Edited by: Tess Sharpe and Jessica Spotswood
Contributors: Brandy Colbert, Zoraida Córdova, Andrea Cremer, Kate Hart, Emery Lord, Elizabeth May, Anna-Marie McLemore, Tehlor Kay Mejia, Lindsay Smith, Nova Ren Suma, Robin Talley, Shveta Thakrar, Tristina Wright, and Brenna Yovanoff
Out: August 28

Ladies! Witchcraft! Feminism! Yes! I love a good witch story–they’re so full of interesting opportunities to explore female power and how strong women are celebrated and maligned by society. The co-editor here is Jessica Spotswood, editor of the YA anthologies A Tyranny of Petticoats and The Radical Element, and the roster of writers here is fierce.
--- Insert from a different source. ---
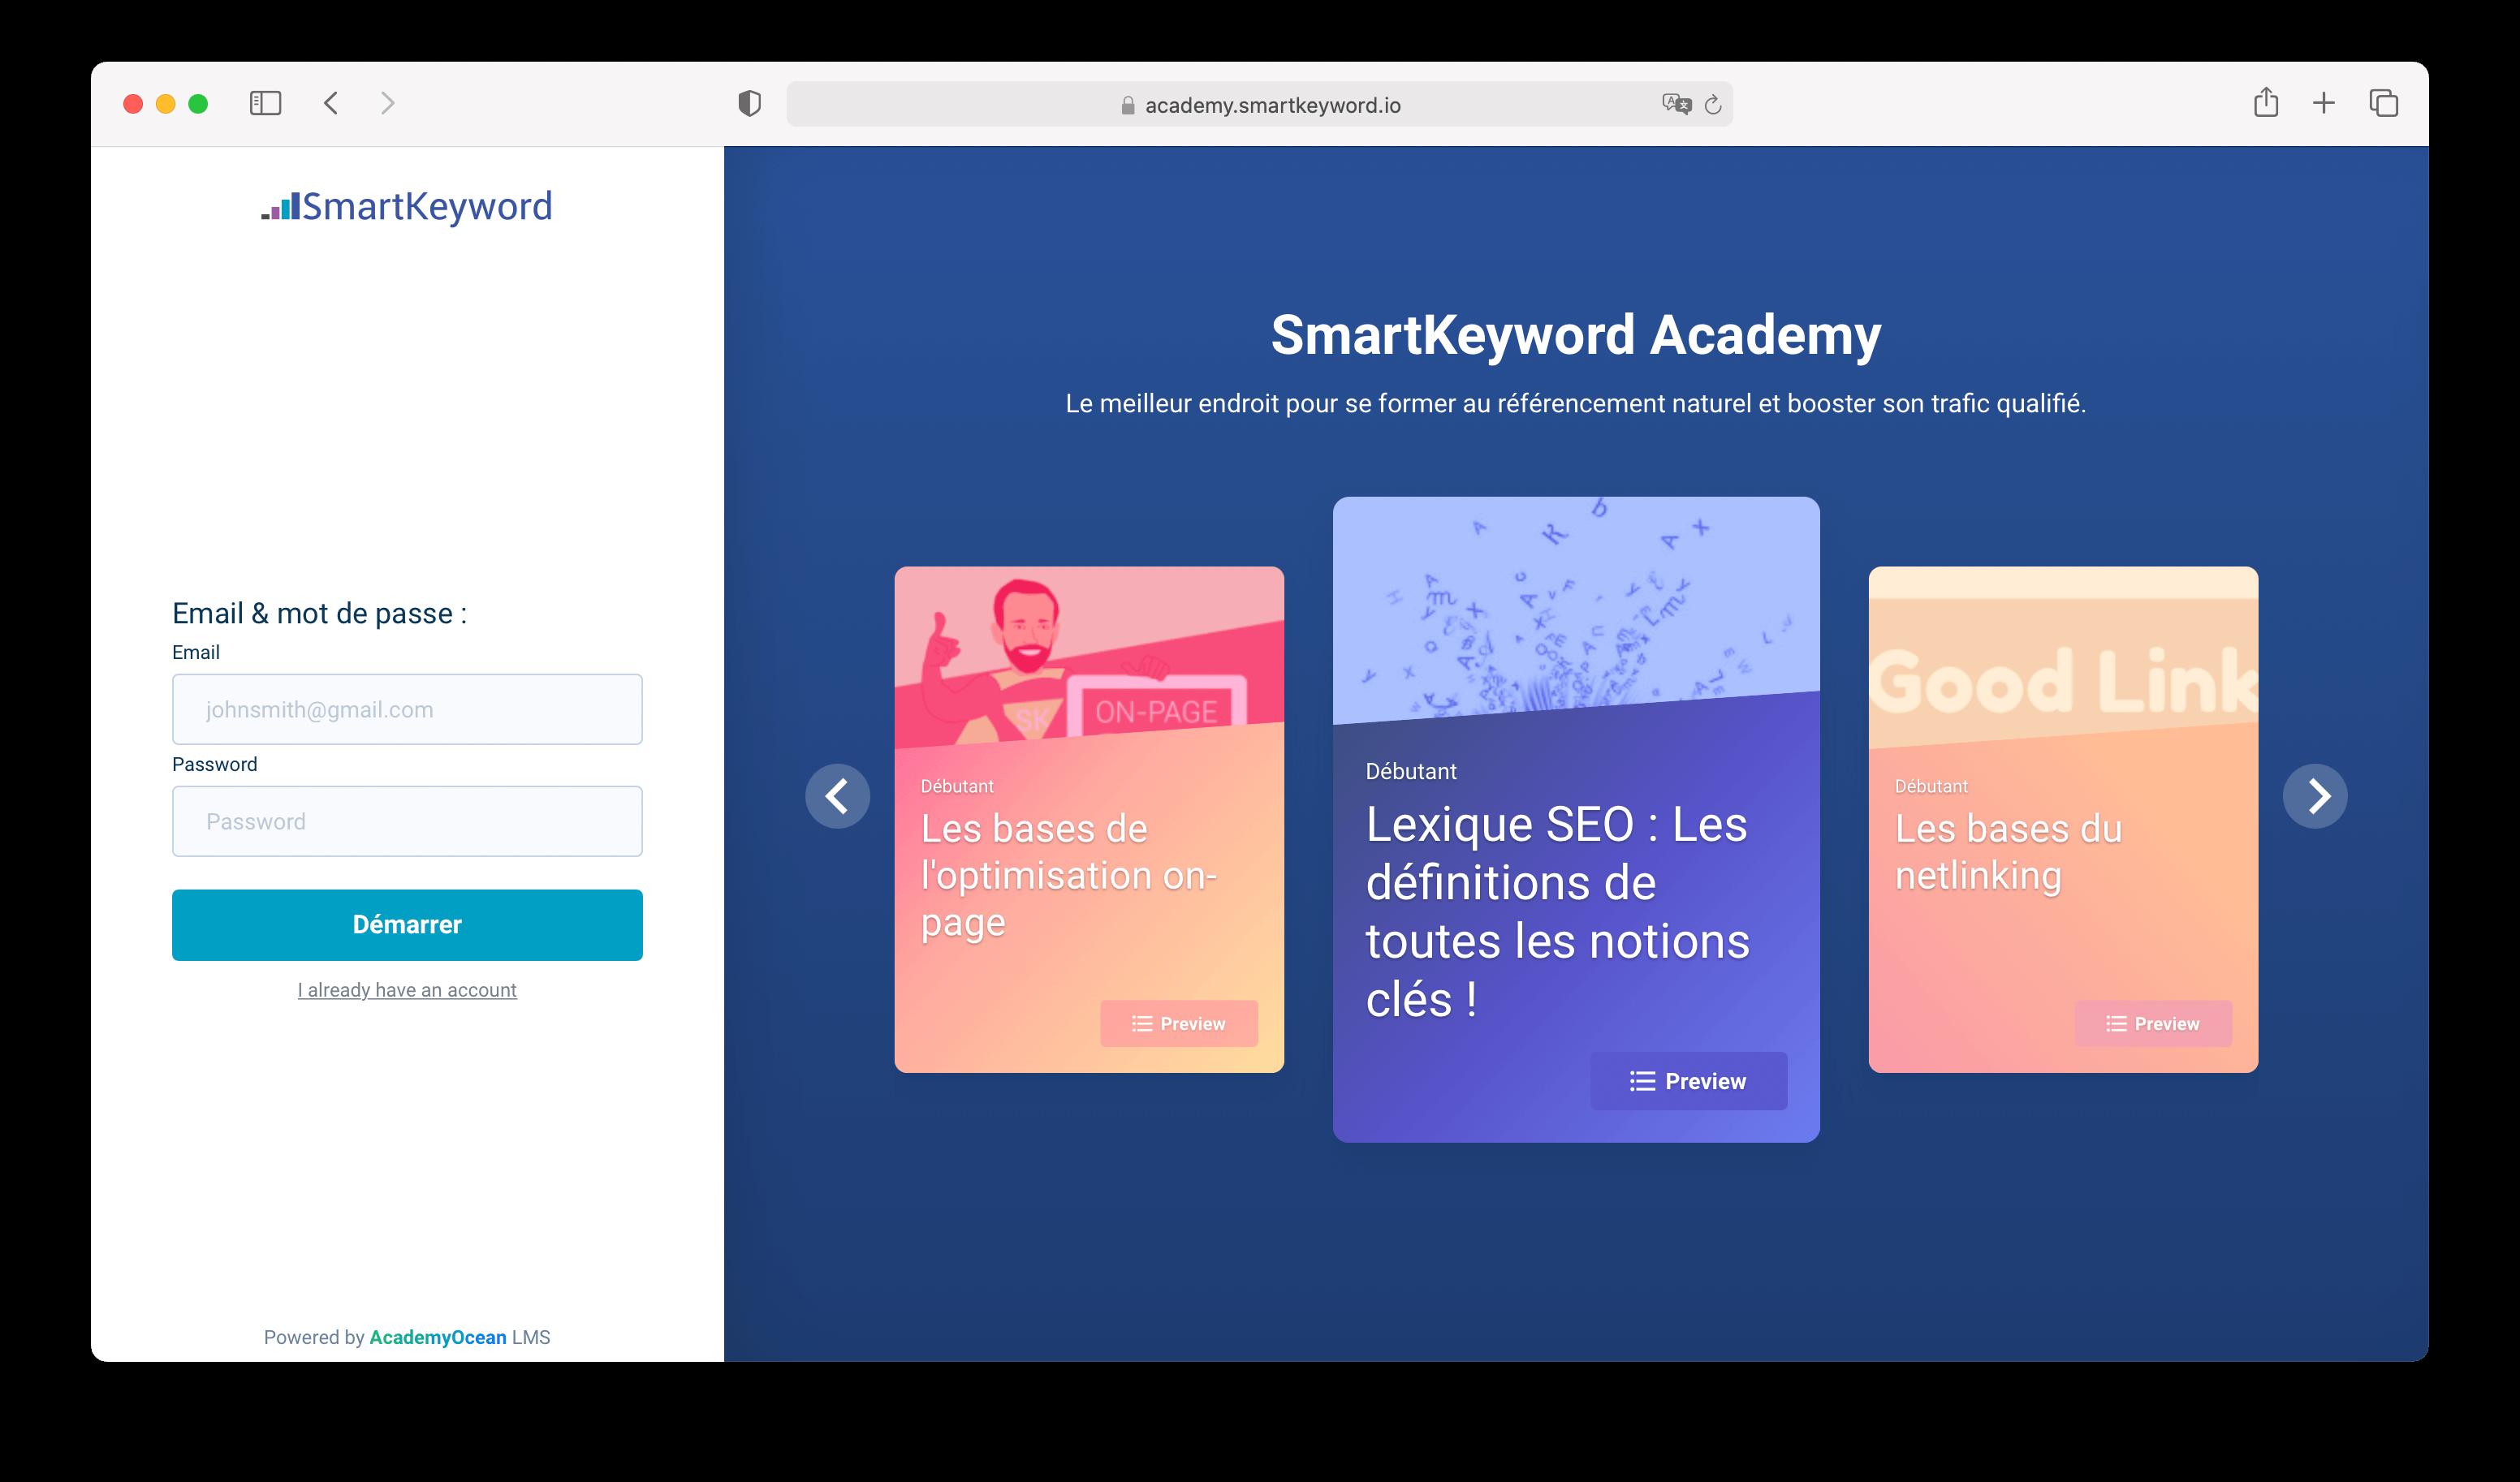 SmartKeyword Academy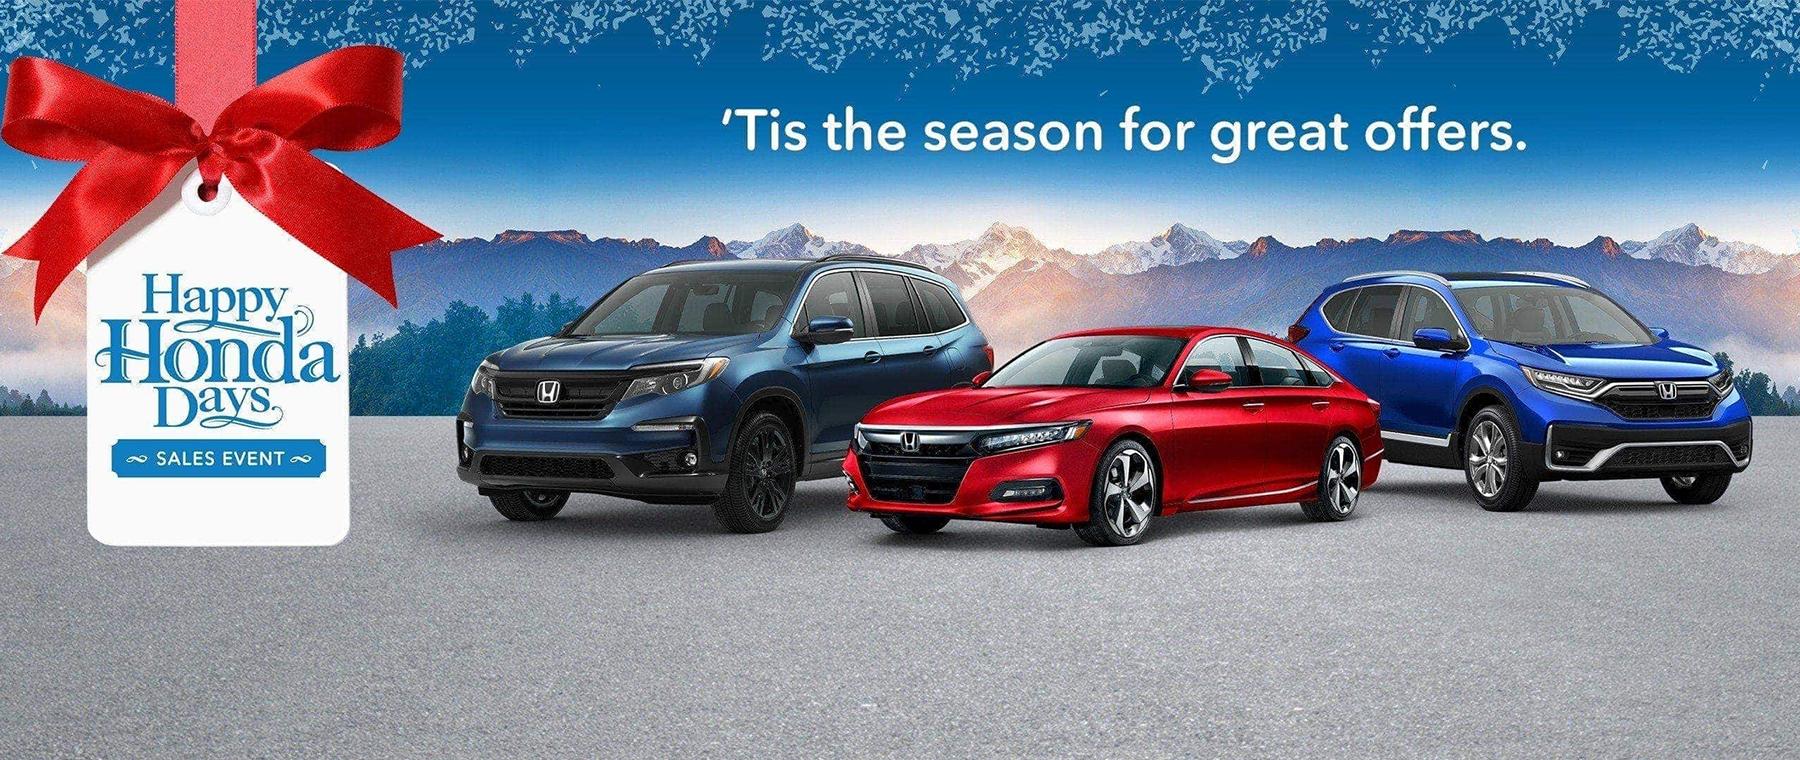 Happy Honda Days Event

I wish I could magic myself a copy right this minute!

(Don’t) Call Me Crazy: 30 writers and artists start the conversation about mental illness

Edited by: Book Riot’s own Kelly Jensen
Contributors: Hannah Bae, Aura/Monique Bedard, Libba Bray, Gemma Correll, Reid Ewing, Hannah Gomez, Ashley Holstrom, Heidi Heilig, Christine Heppermann, Shaun David Hutchinson, Mary Isabel, Lisa Jakub, Kelly Jensen, Susan Juby, Mike Jung, S. Jae-Jones, Nancy Kerrigan, Stephanie Kuehn, Emery Lord, Emily Mayberry, MILCK, Amy Reed, Meredith Russo, Yumi Sakugawa, Victoria Schwab, Adam Silvera, s.e. smith, Jessica Tremaine, S. Zaniab Williams, Clint Van Winkle, Dior Vargas, and Esmé Weijun Wang.
Out: October 2

Kelly Jensen’s first nonfiction YA anthology, Here We Are: Feminism for the Real World, is an awesome compilation of feminist essays and art, with a diverse contributor list and format. I’m really eager to see another scrapbook-style anthology on mental illness and its many manifestations and perceptions in our culture. A book like this is more important than ever, and fills a very big void in the YA canon.

What YA anthologies are you most looking forward to this year?